I couldn’t sleep. I lay in my bed, knowing that I had to be up at a quarter to four to serve middle-class people from the suburbs their coffee. I had to get some rest. Besides, eight hours of class waited for me after work. I’d be a pathetic human by that point if I didn’t get any shut-eye.

Whenever this happens, or when I wake up without any clear cause, I assume that the Almighty wants to have some sort of conversation.

“God, are you there?”

I didn’t anticipate any audible answer, but waited. I could hear the lapse of each second by the tick of my watch on my desk. I rolled over. “If you’re around, you’re free to do what you want.” Still nothing. Maybe I had gas. Something internal like that had to have roused me from my sleep, because clearly, God was not there. I considered hitting the Tylenol PM, but I’d likely miss work or hit a parked car on the way if I did that.

★                    ★                    ★

It’s easy to confuse God’s silence with His absence. Perhaps it’s because He doesn’t have a body. It’d be creepy if a friend sat in your dark bedroom, silent, not letting you know they were there (been there- it truly was awful). But I think God occasionally does just that. David asked,

Where shall I go from your Spirit?
Or where shall I flee from your presence?

(Ps. 139:7, ESV)

Perhaps it isn’t so much a matter of God quietly sitting in on our little world as it is a matter of us never leaving His presence. But we’re simple and our discerning of His “voice” is easily one of the most concrete (though not quite) ways to experience this ubiquitousness.

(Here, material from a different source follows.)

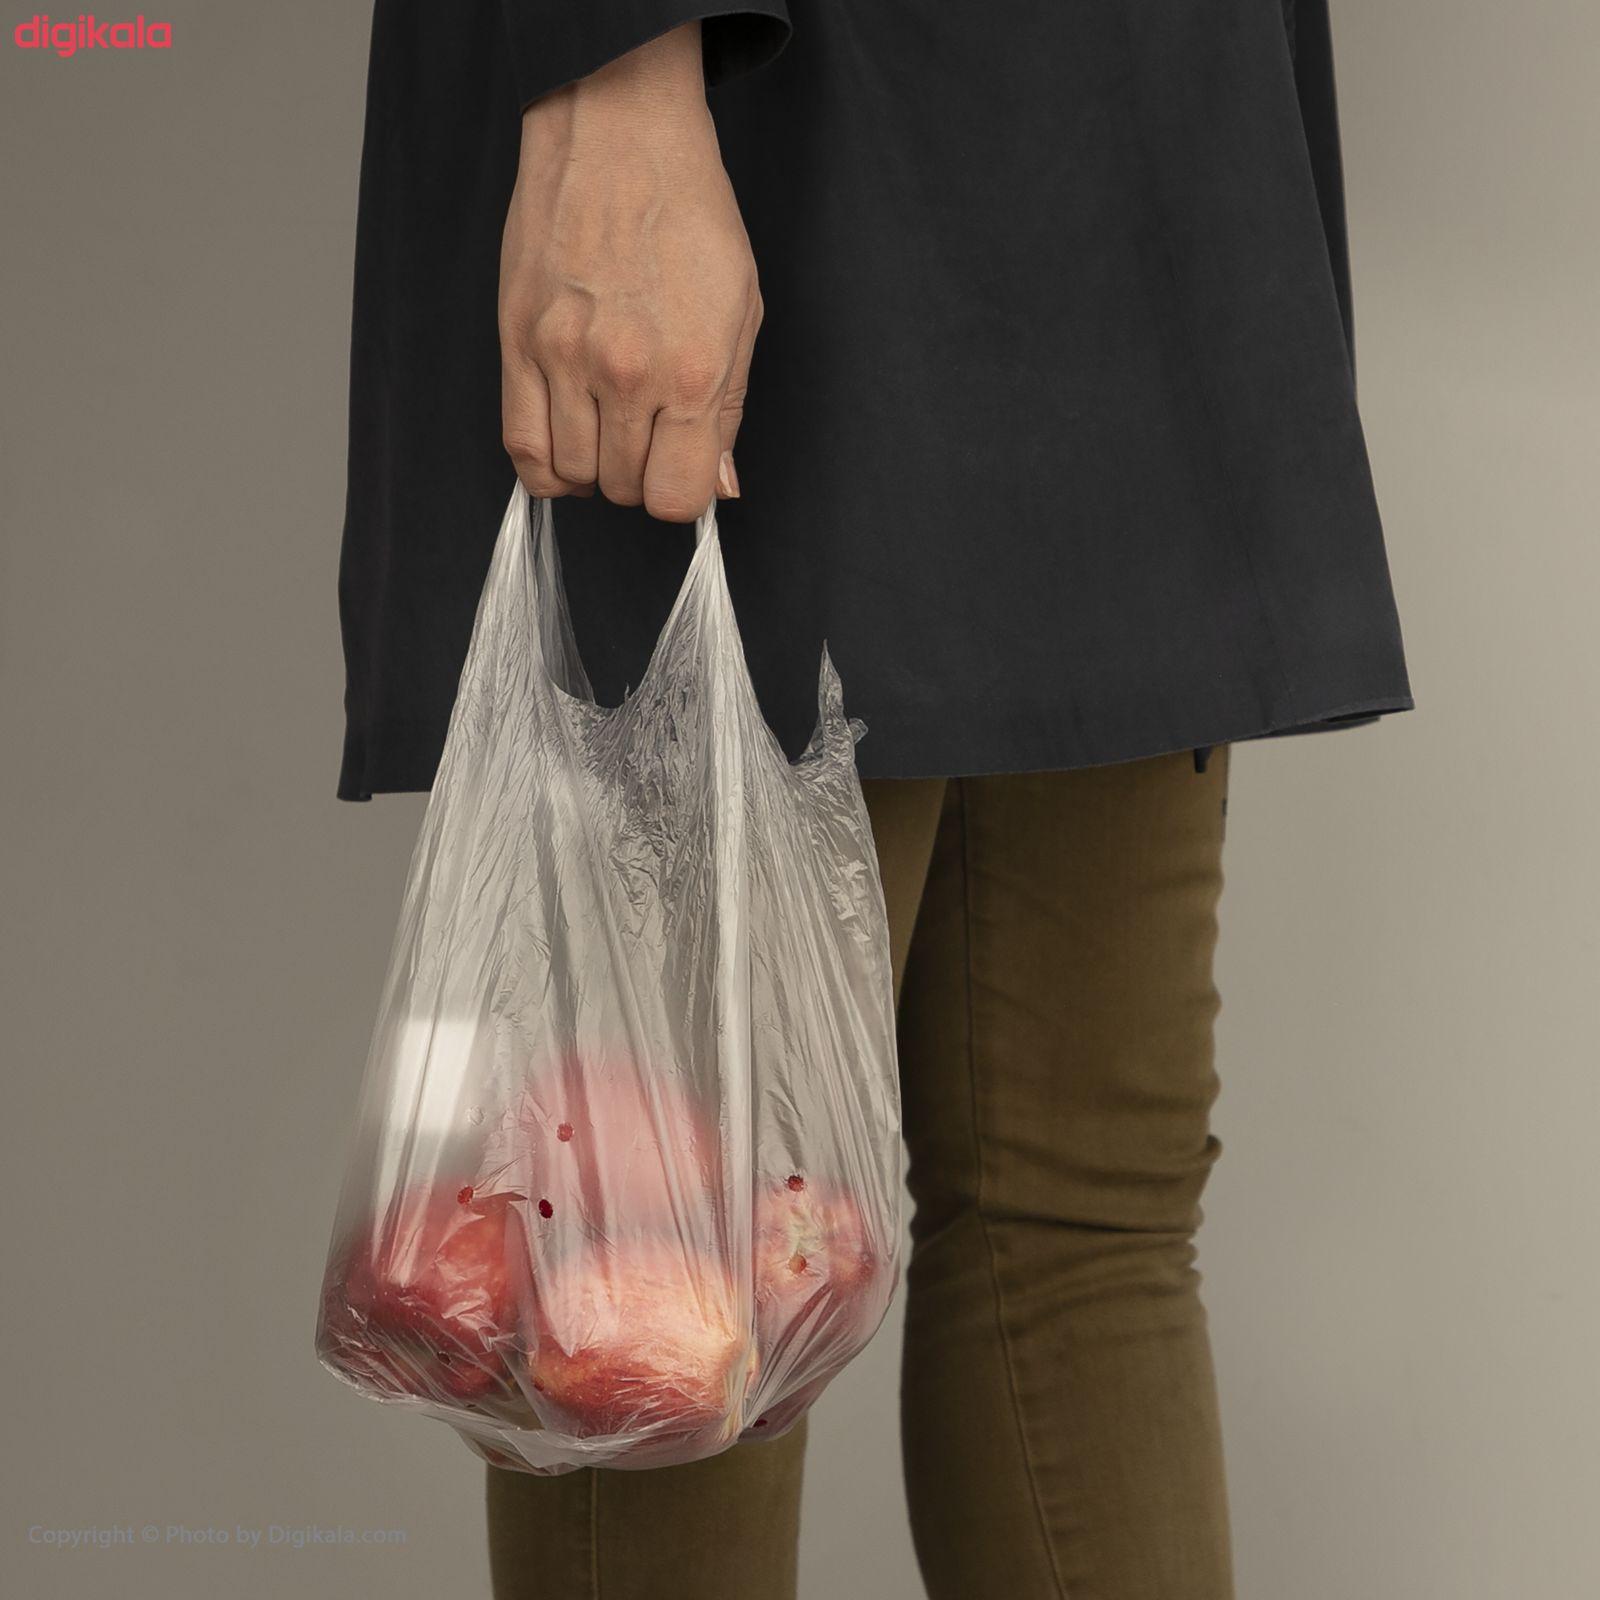 سیب قرمز دماوند فله - 1 کیلوگرم main 1 4

There’s a page in the Bible that divides the testaments. It represents four hundred years without a prophet- without God’s voice. But we can hardly believe that He’d taken a long vacation, or had simply chosen to step back from everything for centuries. It seems that if such were to happen, this place truly would fall apart. I’m not sure He could let Himself do anything like that. But that’s only speculation.

Regardless, think about this when you’re awake against your will at two in the morning and you’re asking God to talk to you. Consider Psalm 139 when you can’t hear what He has to say or it sounds like you aren’t getting a response to any of your prayers. Then pull your head out because you’re probably living in sin and that’s why you can’t hear Him (totally, mostly kidding-always).